Autoimmune Hearing Loss: A Diagnostic Challenge.

Autoimmune hearing loss (AIHL) is a clinical disease and may involve the deposition of immune complexes in the labyrinth vessels, the activation of the complement system, the functional alteration in T-cell subpopulations, or an inflammation process in the inner ear [...].

Autoimmune hearing loss (AIHL) is a clinical disease and may involve the deposition of immune complexes in the labyrinth vessels, the activation of the complement system, the functional alteration in T-cell subpopulations, or an inflammation process in the inner ear [1]. The diagnosis AIHL is still unclear and there are no serologic or radiologic criteria for its identification. When initially described, AIHL was recognized as always being both bilateral and progressive [2]; however, AIHL may involve only one ear [3] and a significant proportion of patients with AIHL may experience a sudden onset of symptoms [4,5]. Moreover, positive response to steroid administration was considered as a clinical prerequisite for AIHL [2]; nevertheless, less than half of patients respond favorably to steroid therapy [5,6] and, over time, a progression of hearing loss has been observed.

Different pure-tone audiogram shapes in patients with AIHL have been recorded, including down-sloping (which is the most frequent), up-sloping, flat, cookie-bite, and inverse cookie-bite shapes; almost half of cases have moderate hearing loss [1,5]. AIHL is a long-standing disease with relapses and is more commonly observed after unilateral or bilateral sudden hearing loss [7].

Immunologic laboratory tests should be performed in every patient with suspected AIHL, such as complete blood count, erythrocyte sedimentation rate, antinuclear antibodies (ANA), antineutrophil cytoplasmic antibodies (ANCA), anticardiolipine/antiphospholipid antibodies, rheumatoid factor, immunoglobulines IgG, IgM, IgA, complement factors C3, C4, and anti-cochlin/anti-β-tubulin antibodies [8].
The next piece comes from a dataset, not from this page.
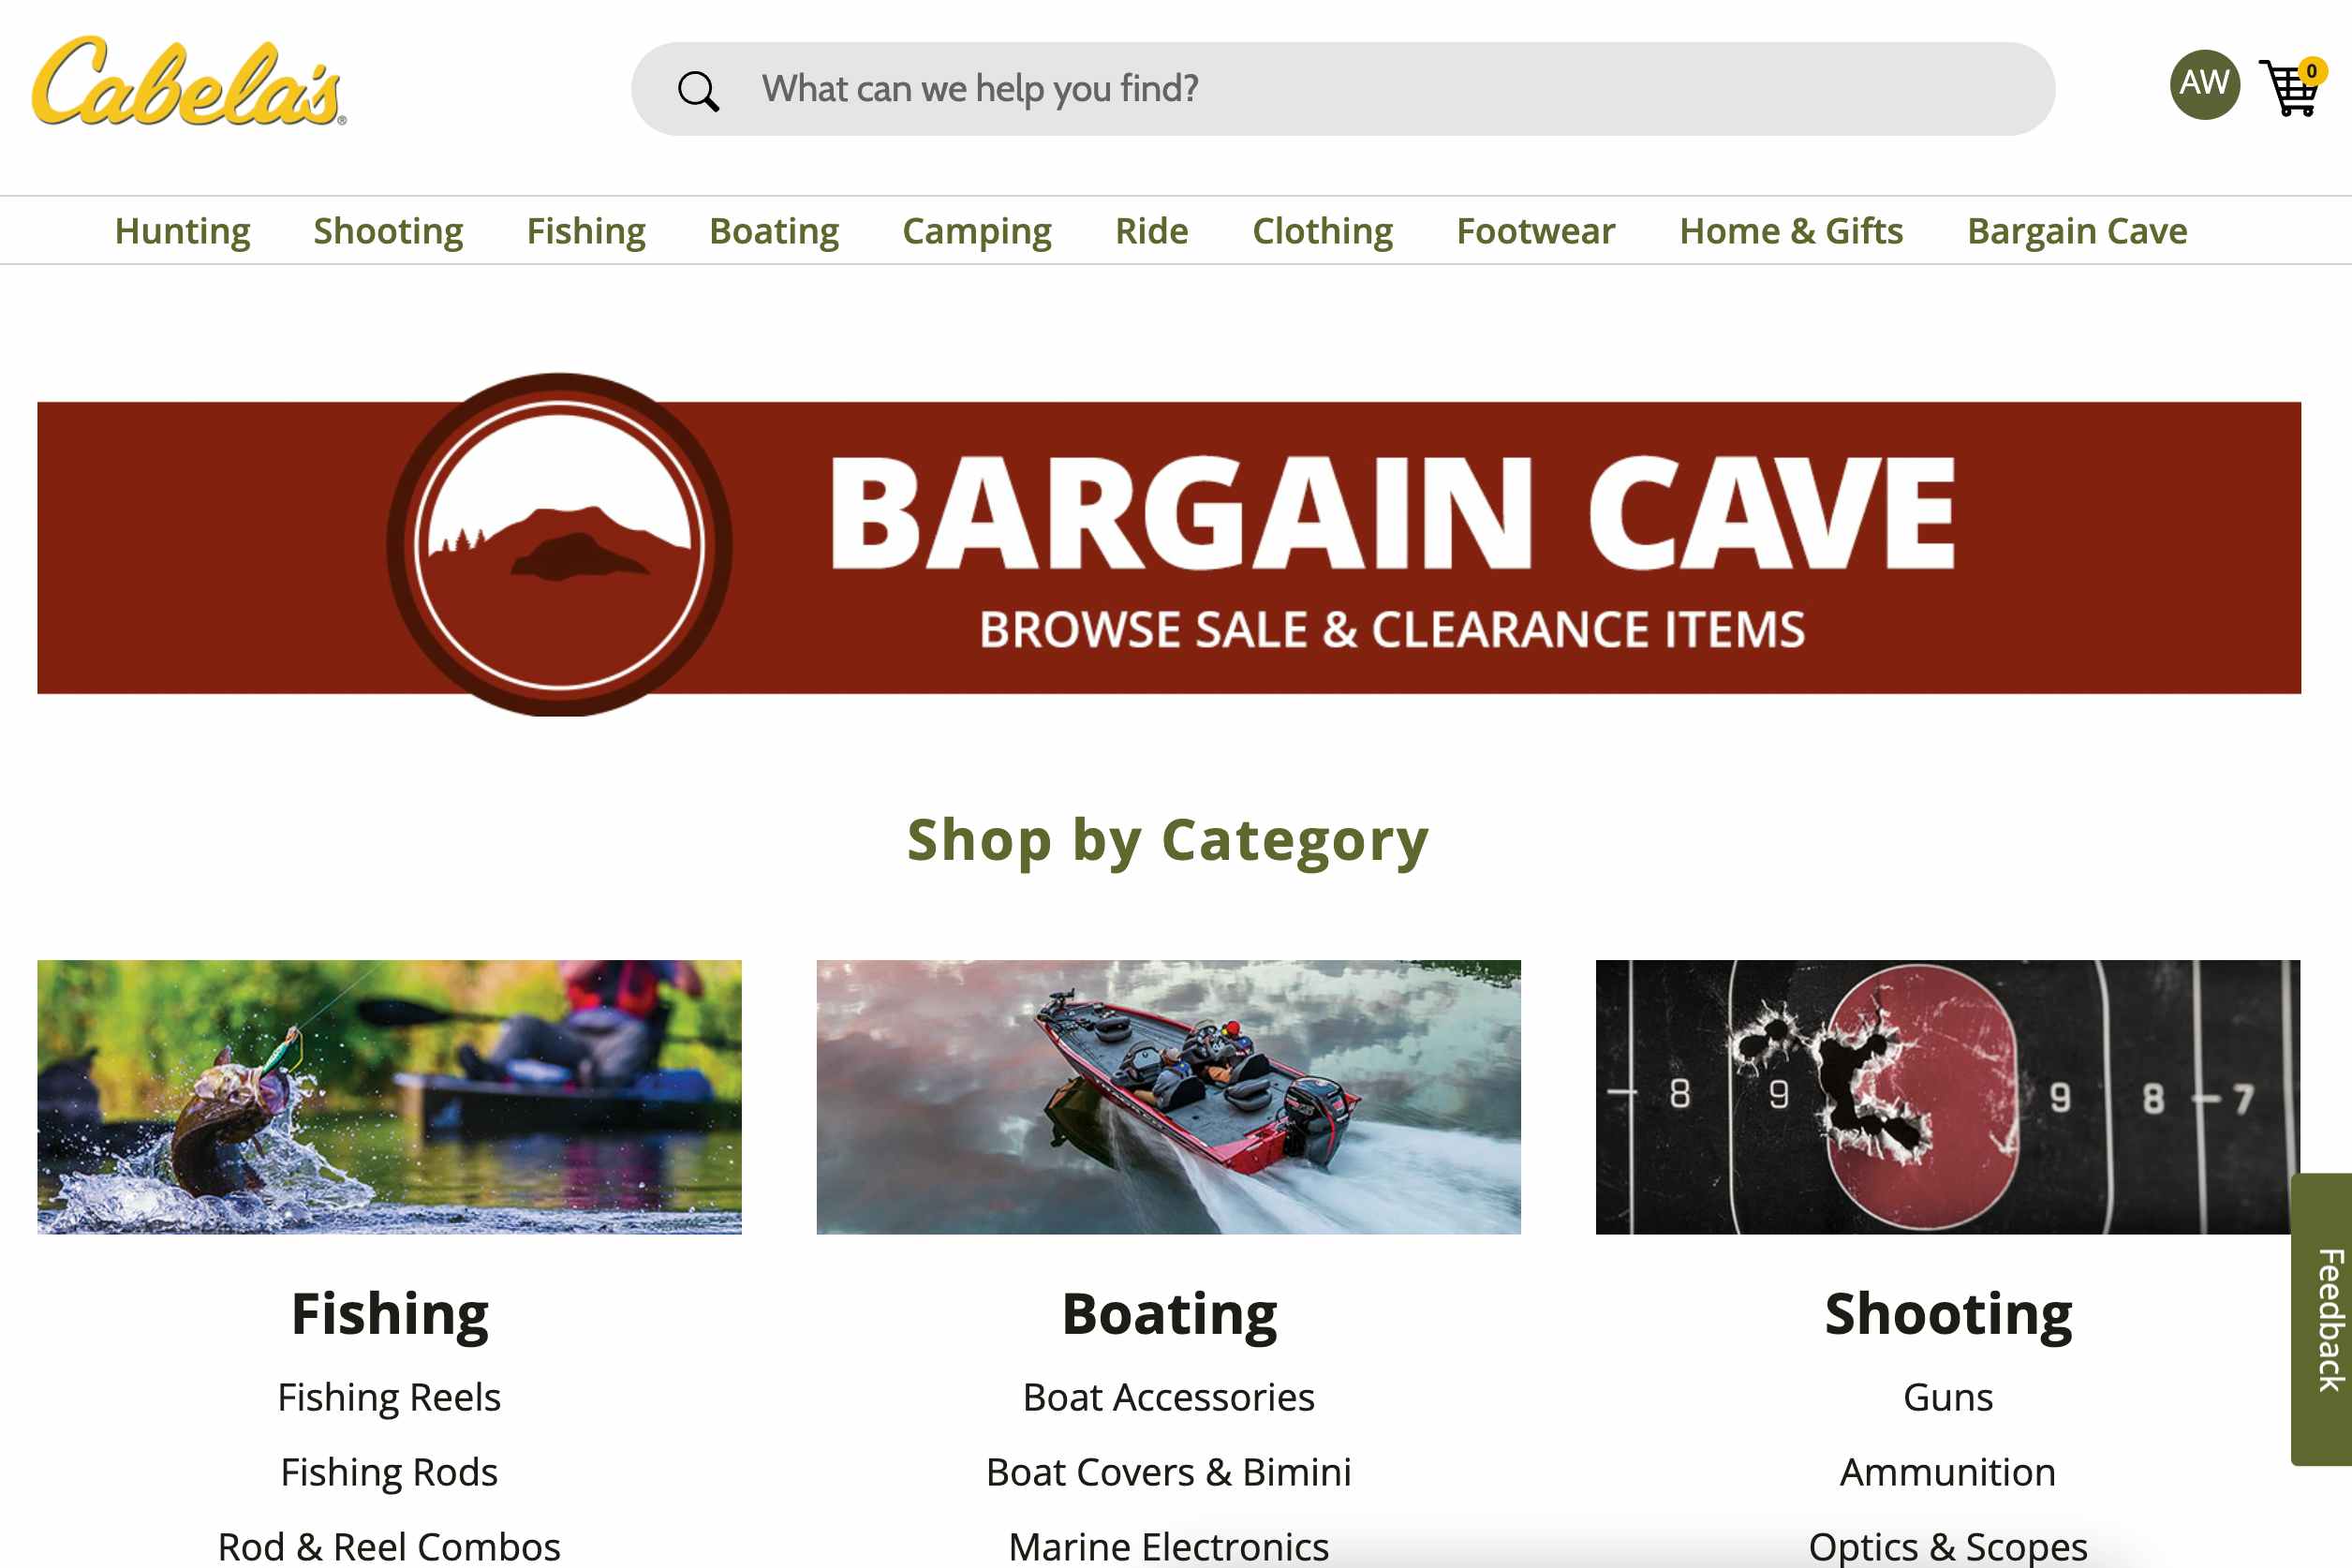 A screenshot of the Cabela's Bargain Cave webpage.

Genetic factors such as the human leukocyte antigen (HLA) system should also be investigated for AIHL. The haplotypes HLA B27, B35, B51, C4, C7, and A1-B8-DR3 have been reported as prognostic markers for the development of AIHL [9,10]. In a recent study [11], HLA DRB1*04 alleles were recorded at higher proportions compared with the healthy control group; HLA–DRB1*04 alleles were found to be strongly associated with Vogt–Koyanagi–Harada disease, which is an autoimmune disease that also affects the inner ear [12]. Moreover, HLA–DRB1*04 alleles, such as DRB1*0401, DRB1*0404, DRB1*0405, and DRB1*0408, have been reported to be highly expressed in patients suffering from rheumatoid arthritis [13]; finally, HLA DRB1*04, as a poor prognostic marker, was found at high frequency in patients with sudden sensorineural hearing loss and no satisfactory response to steroid treatment [14].

Presence of other autoimmune diseases should be investigated as potential clinical clues for AIHL in patients who have complained of progressive hearing loss or recurrent sudden hearing loss. Hashimoto’s thyroiditis is an autoimmune disorder that can cause hypothyroidism and in which significant increases in thyroid peroxidase antibody (anti-TPO) and thyroglobuline antibody (anti-Tg) have been found in a patient with AIHL [15]. In our study [5], we noted that Hashimoto’s thyroiditis was very commonly associated with patients suffering from AIHL; 13 (24.5%) out of 53 patients with AIHL had concomitant Hashimoto’s thyroiditis. It has been shown that, in Hashimoto’s thyroiditis, the number of T-regulatory (Treg) cells are reduced, and their function is defective, resulting in their limited downregulating effect against the ongoing autoimmune process and leading to extensive defects in the inner ear [16]. Close monitoring of hearing is recommended in the treatment of these patients with Hashimoto’s thyroiditis using a thorough audiometric test battery at least once a year.

In conclusion, this Special Issue gives new insight into the immune-mediated pathophysiologic mechanisms involving the inner ear. Specialized laboratory tests and an extended audiological test battery to identify underlying autoimmune process will be reported. Management of AIHL associated with other systemic autoimmune disorders will be discussed and new therapeutic protocols will be evaluated. Multicentric studies and collaboration are required to establish diagnostic criteria and therapeutic guidelines. Assessing the current knowledge and elucidating the effect of autoimmunity on the cochlea will help us to promote our understanding of this complex clinical disorder.